RECORDED INFORMATION Start Marker
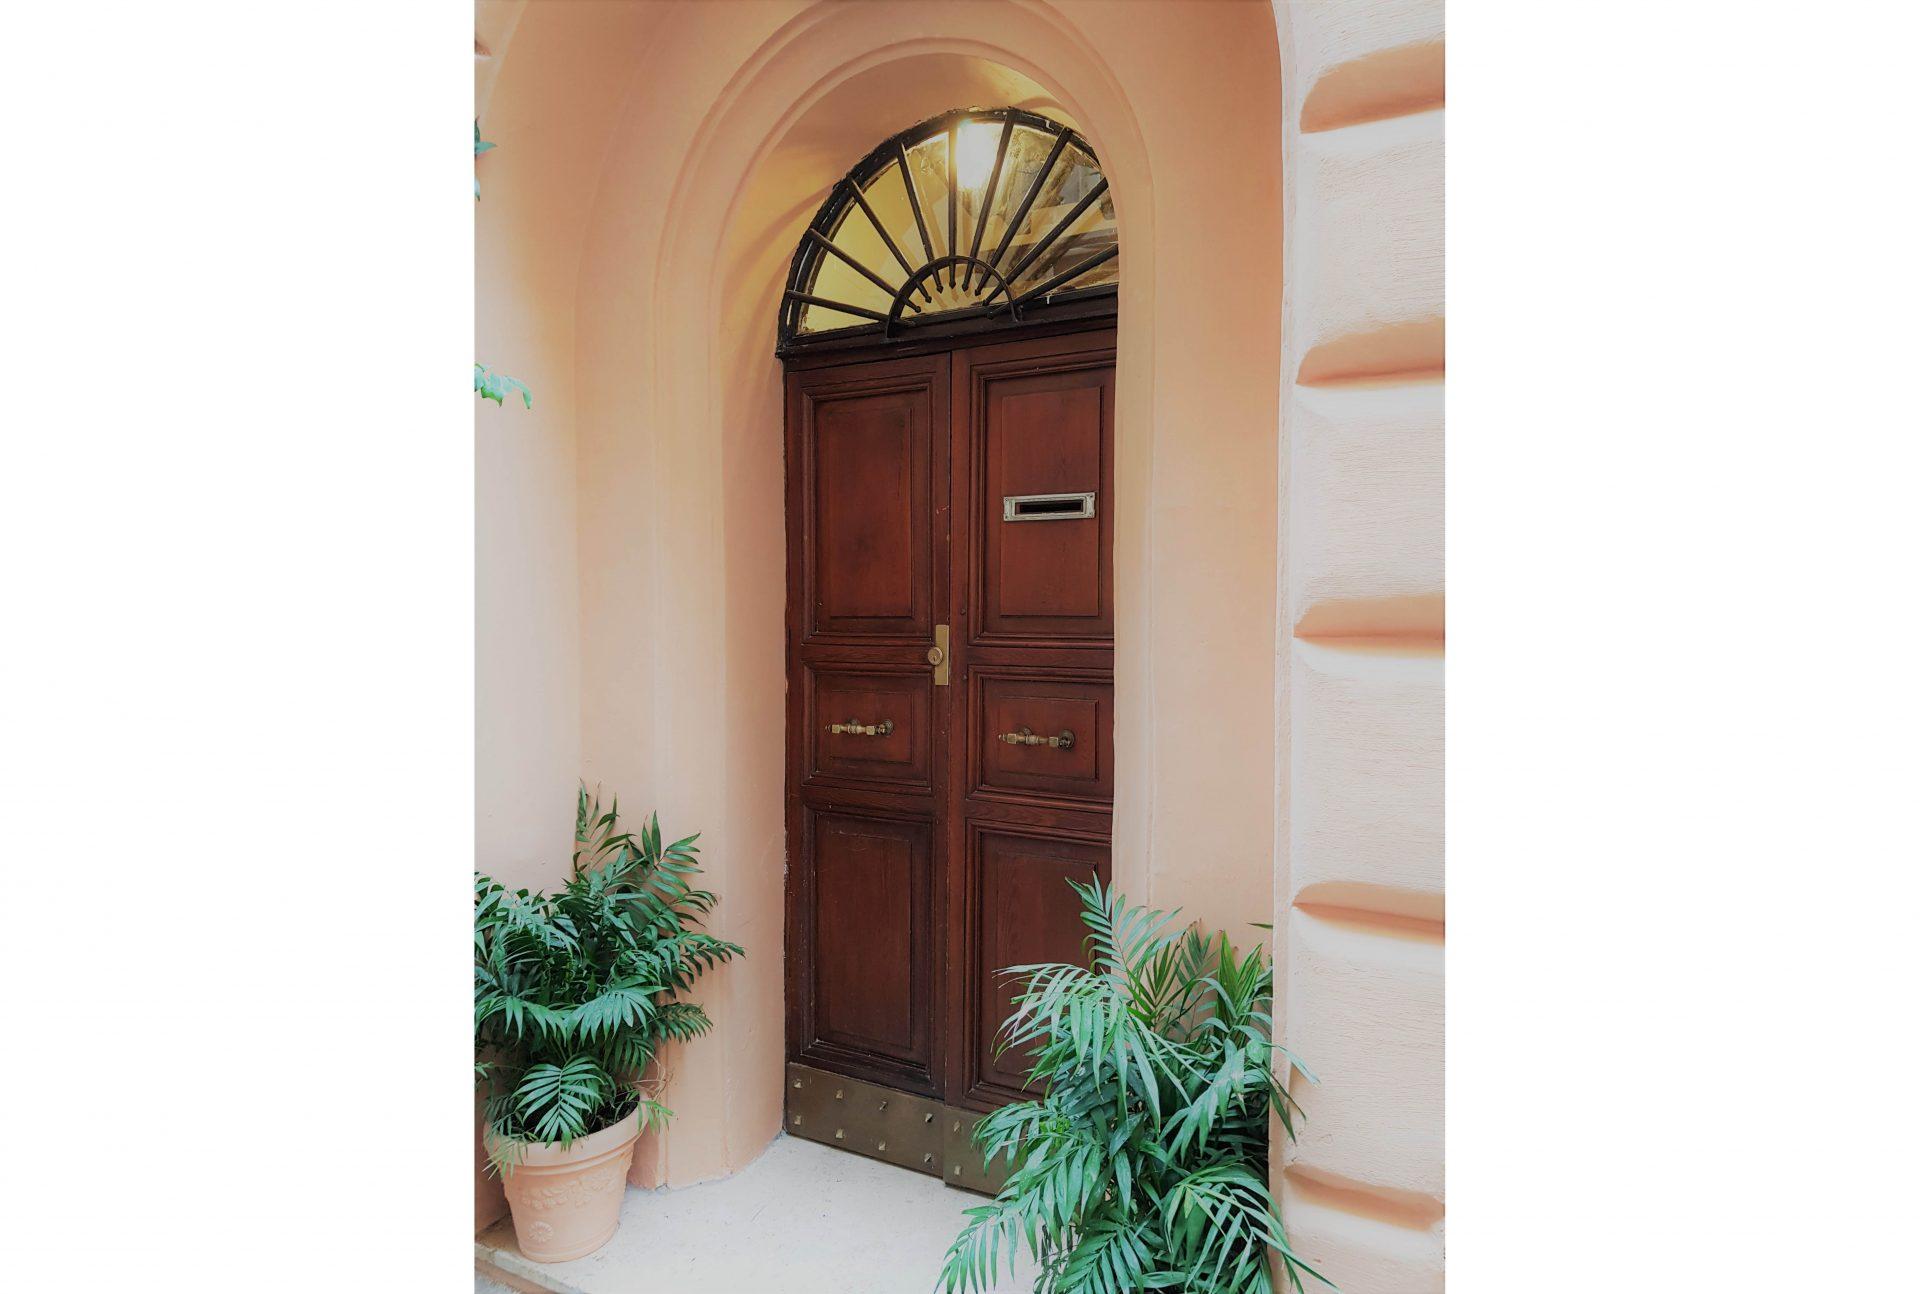 Appartamento Puttarello_ingresso (1)_rev
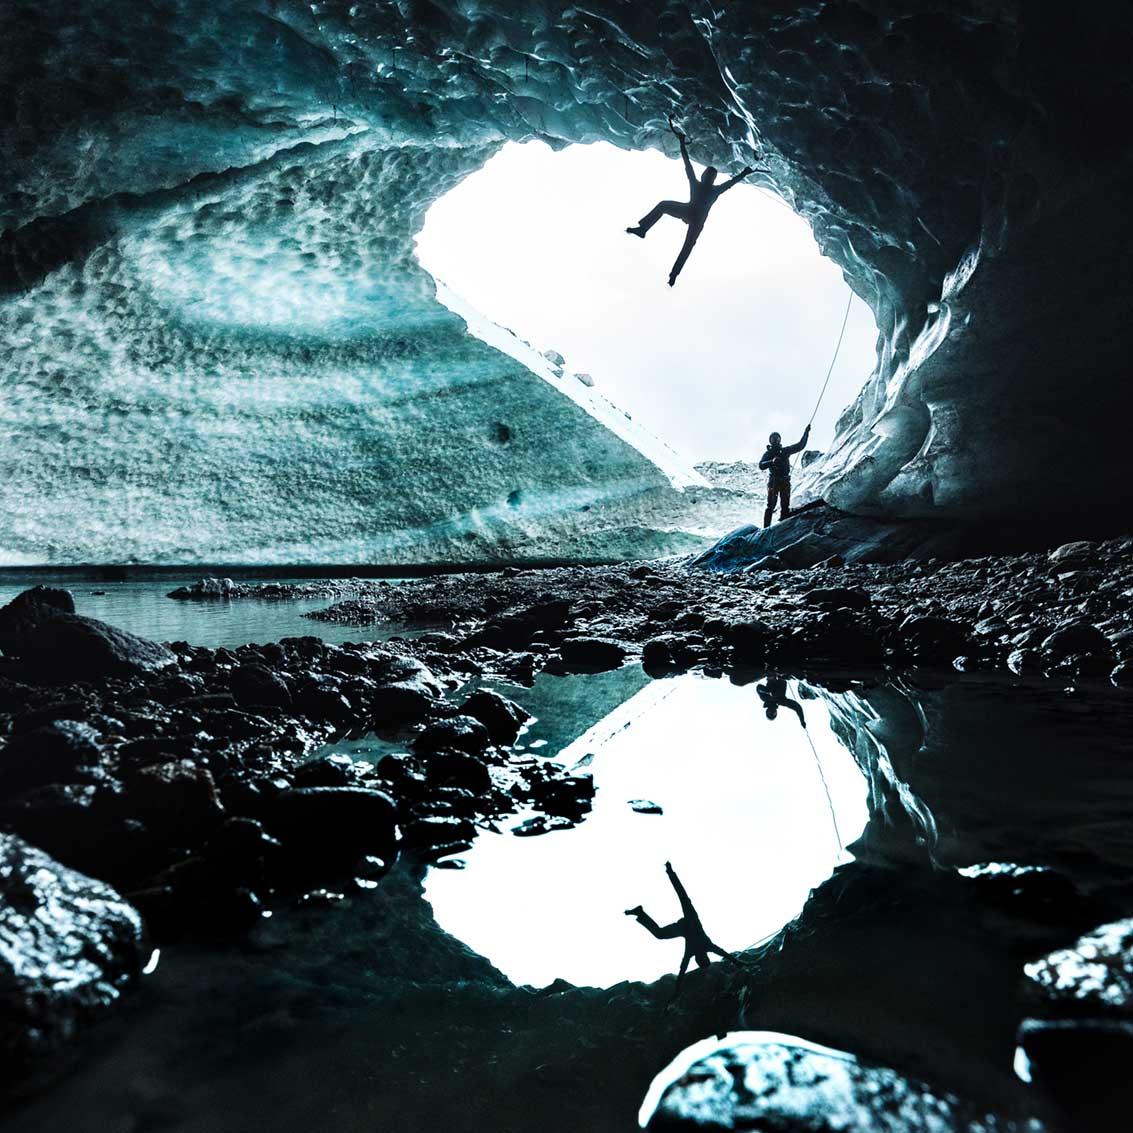 Photo d'un grimpeur dans une grotte de glace dans un glacier
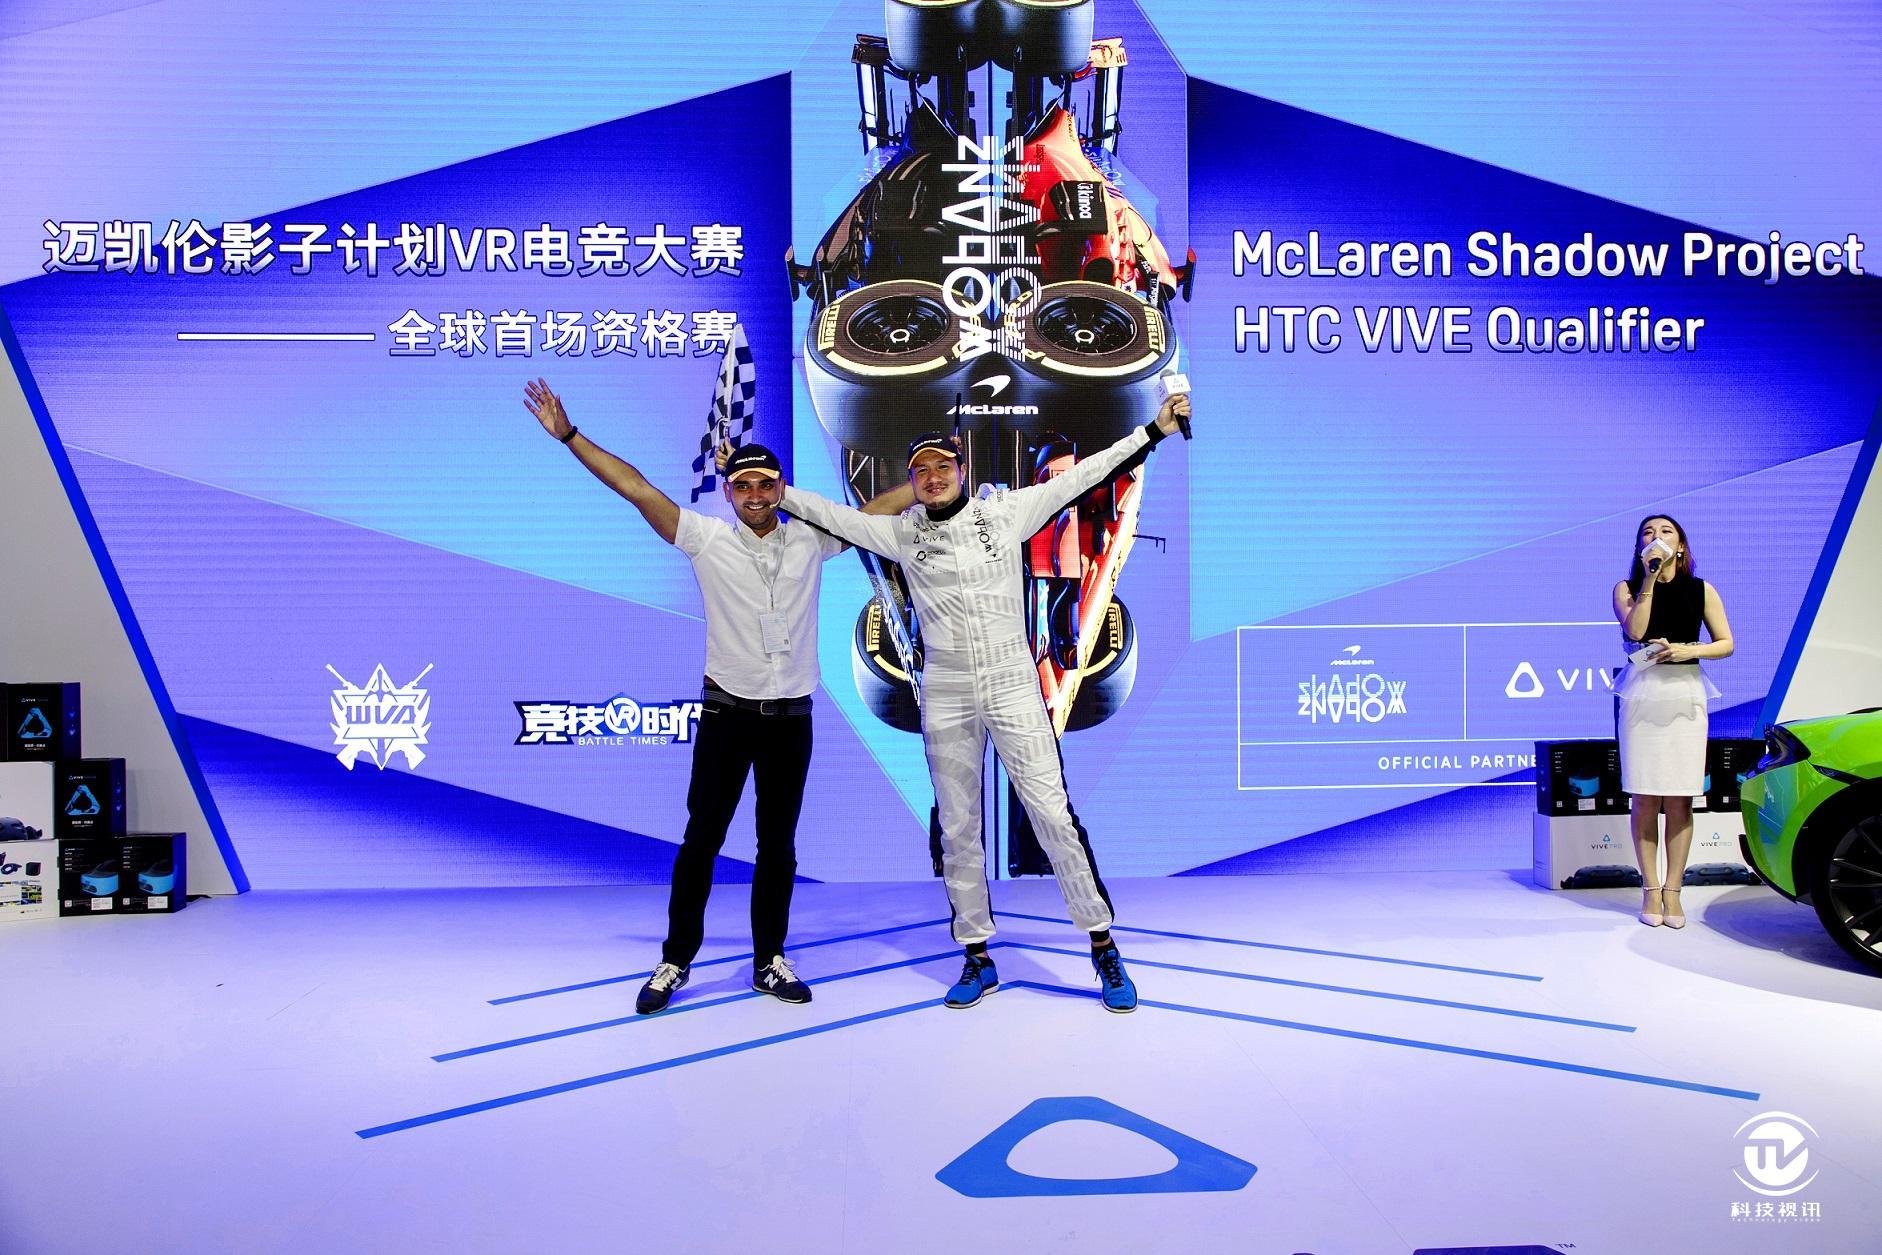 """迈凯伦F1车队高级副总裁Dharpan Randhawa(左)与HTC中国区总裁汪丛青(右)联合启动""""迈凯伦影子计划""""VR电竞大赛中国站仪式.jpg"""
RECORDED INFORMATION End Marker
» WHAT TO WORK ON
Each line of the data needs to be output exactly, with any image excluded.

» YOUR SOLUTION
 Appartamento Puttarello_ingresso (1)_rev
 Photo d'un grimpeur dans une grotte de glace dans un glacier
 """迈凯伦F1车队高级副总裁Dharpan Randhawa(左)与HTC中国区总裁汪丛青(右)联合启动""""迈凯伦影子计划""""VR电竞大赛中国站仪式.jpg"""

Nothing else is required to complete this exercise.